**PROBLEM DETAILS:** Your output should match the listing below word for word, without any images.

**DATASET CONTENT:**
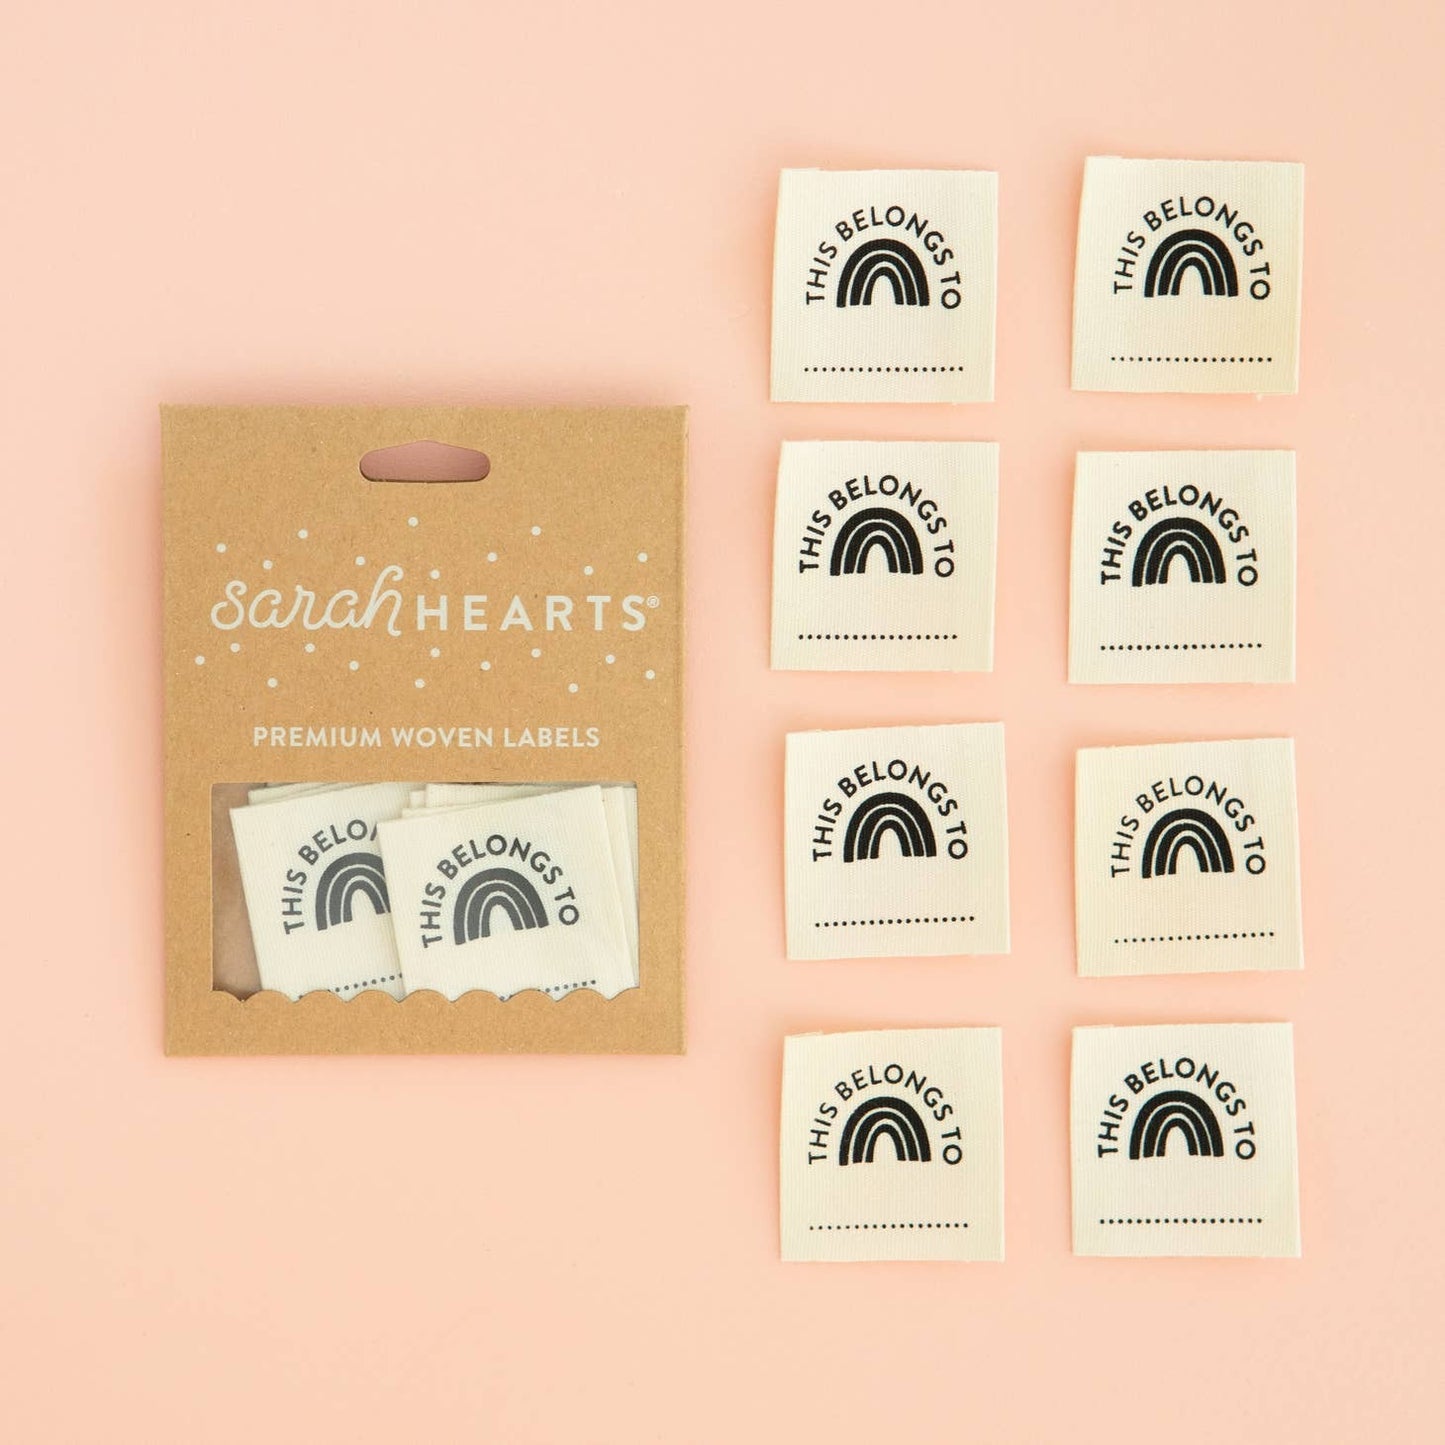 Garment Tags / Labels for Your Hand Knits
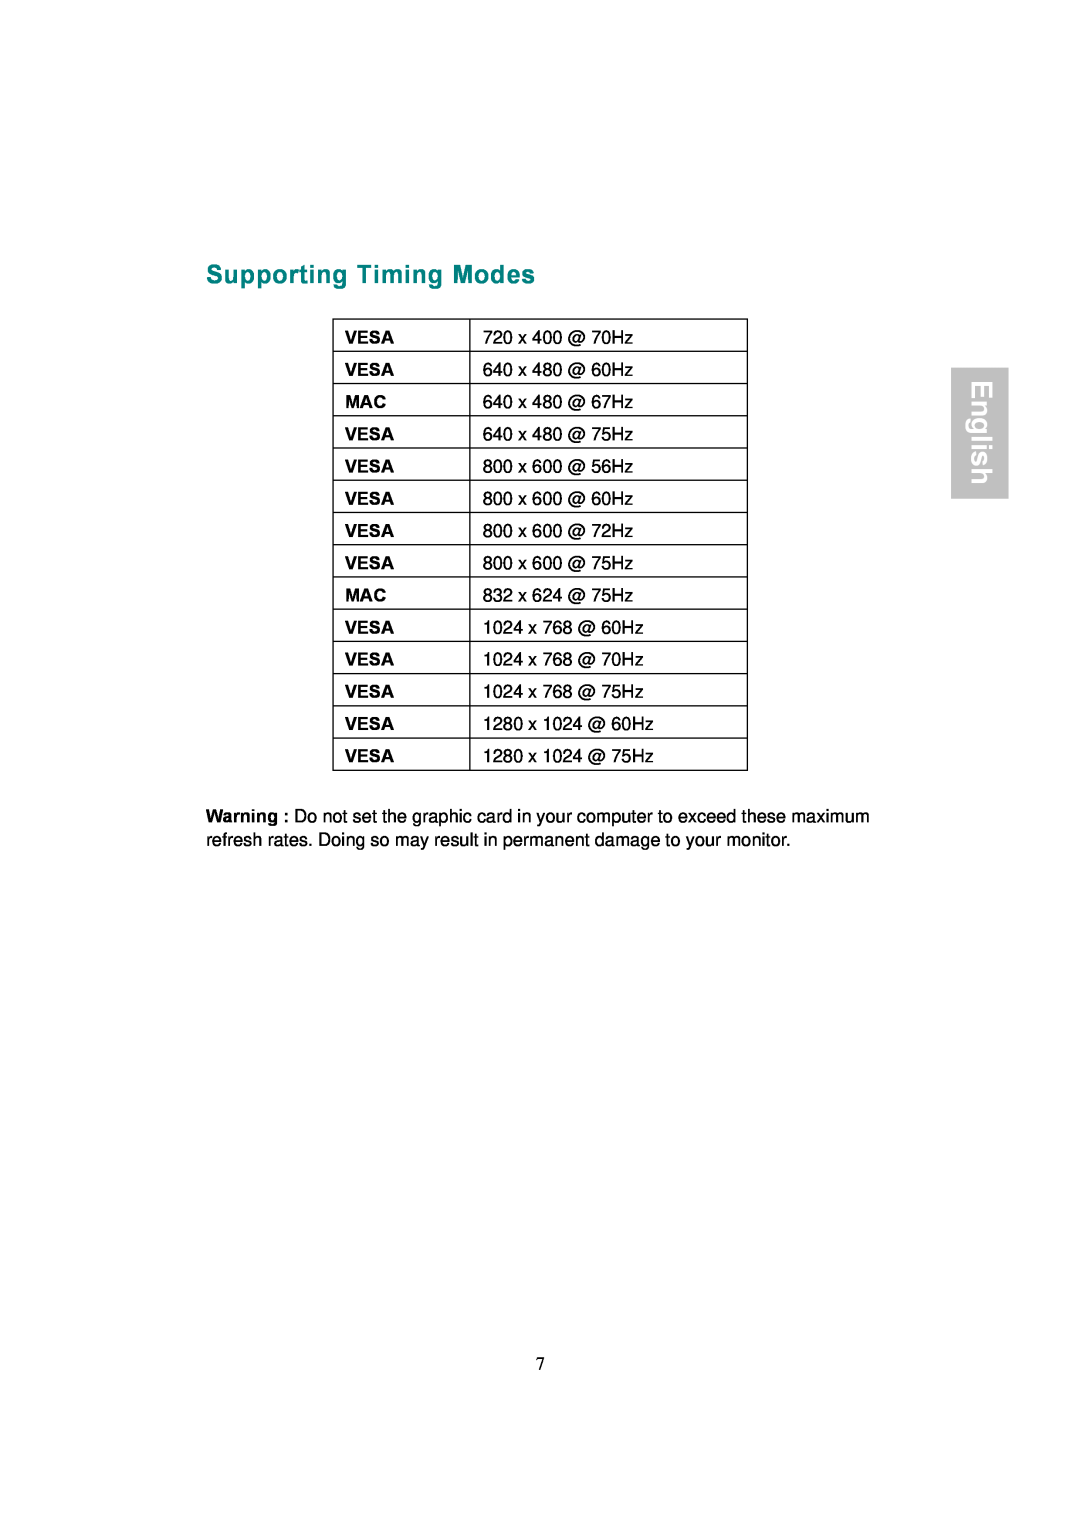 AOC 177S manual Supporting Timing Modes, English 
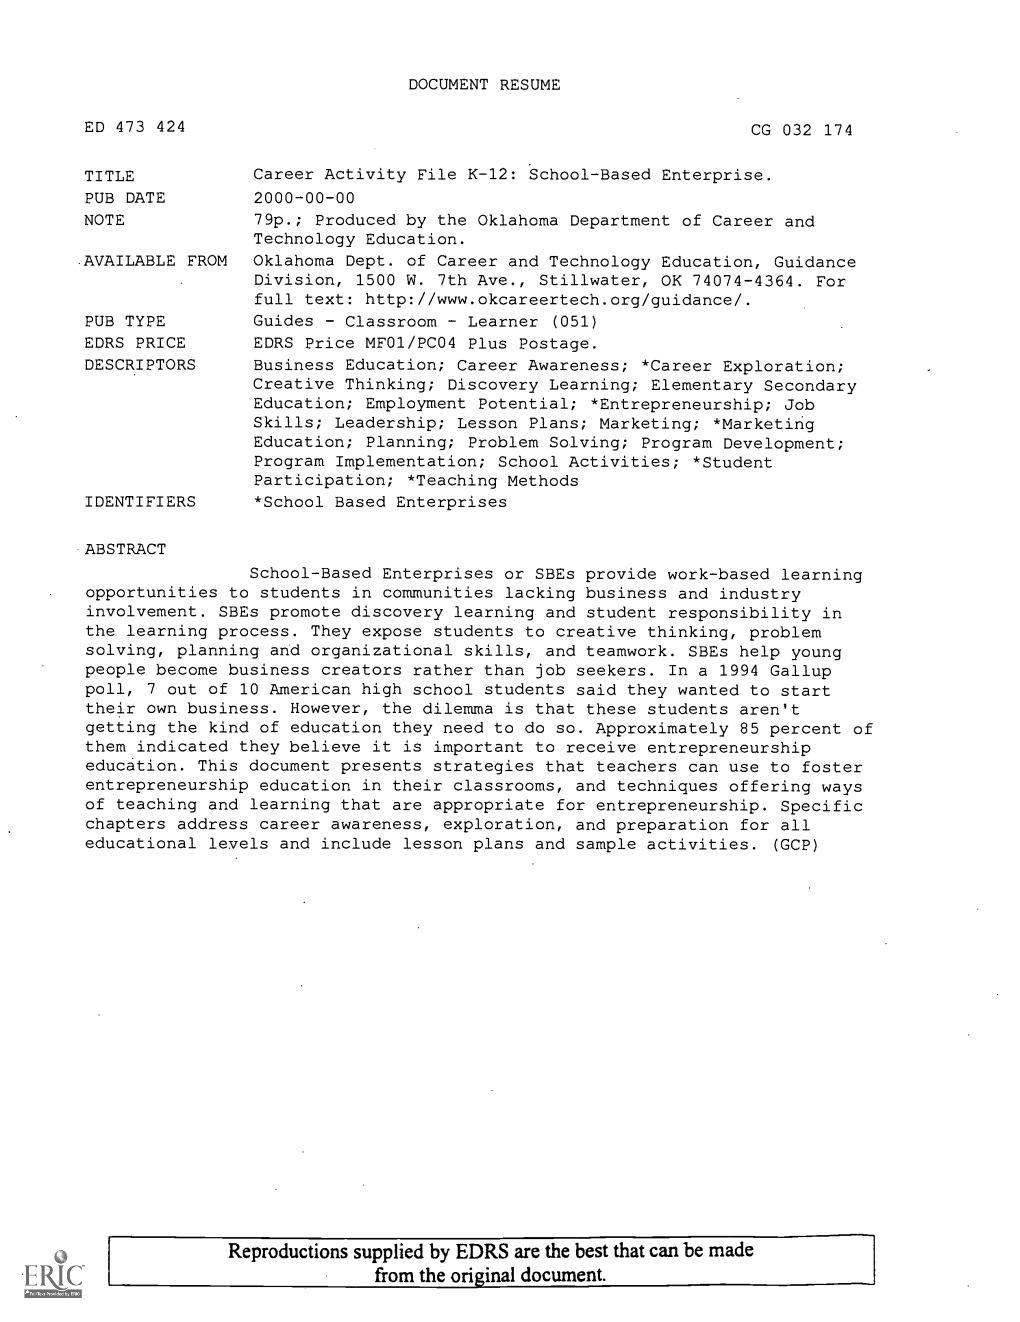 TITLE Career Activity File K-12: School-Based Enterprise. PUB DATE 2000-00-00 NOTE 79P.; Produced by the Oklahoma Department of Career and Technology Education
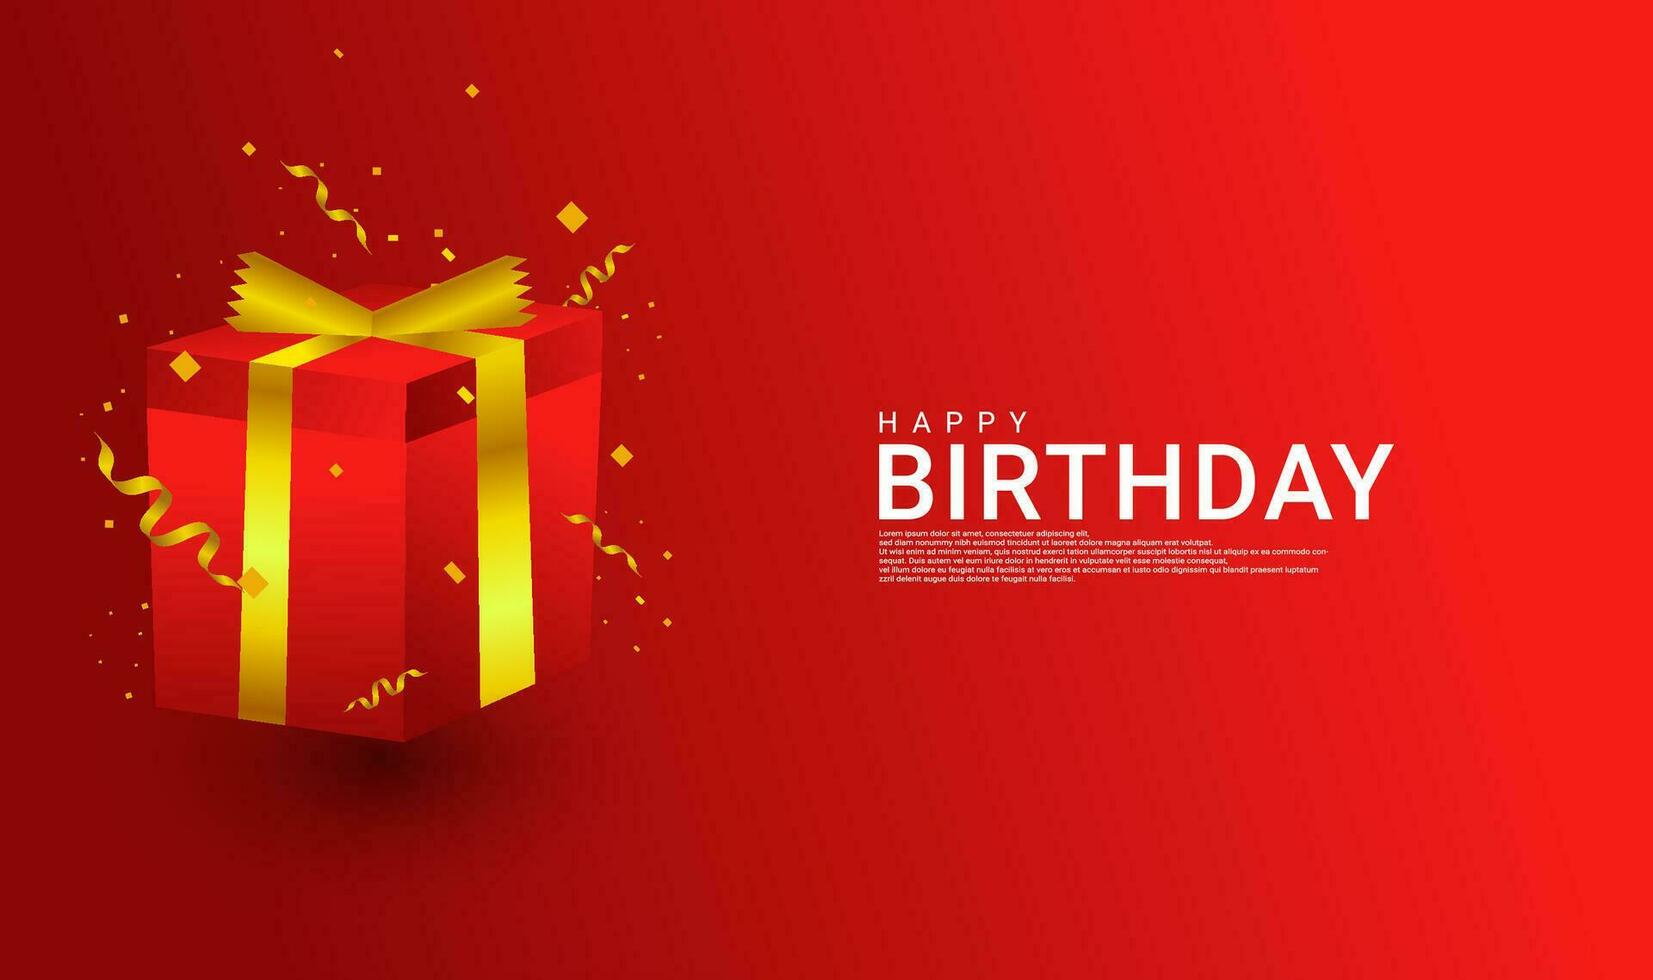 Happy birthday cards, red and gold, suitable for invitation cards, backgrounds, posters, social media posts and more vector

**ANSWER:**
 Garment Tags / Labels for Your Hand Knits
 AOC 177S manual Supporting Timing Modes, English 
 TITLE Career Activity File K-12: School-Based Enterprise. PUB DATE 2000-00-00 NOTE 79P.; Produced by the Oklahoma Department of Career and Technology Education
 Happy birthday cards, red and gold, suitable for invitation cards, backgrounds, posters, social media posts and more vector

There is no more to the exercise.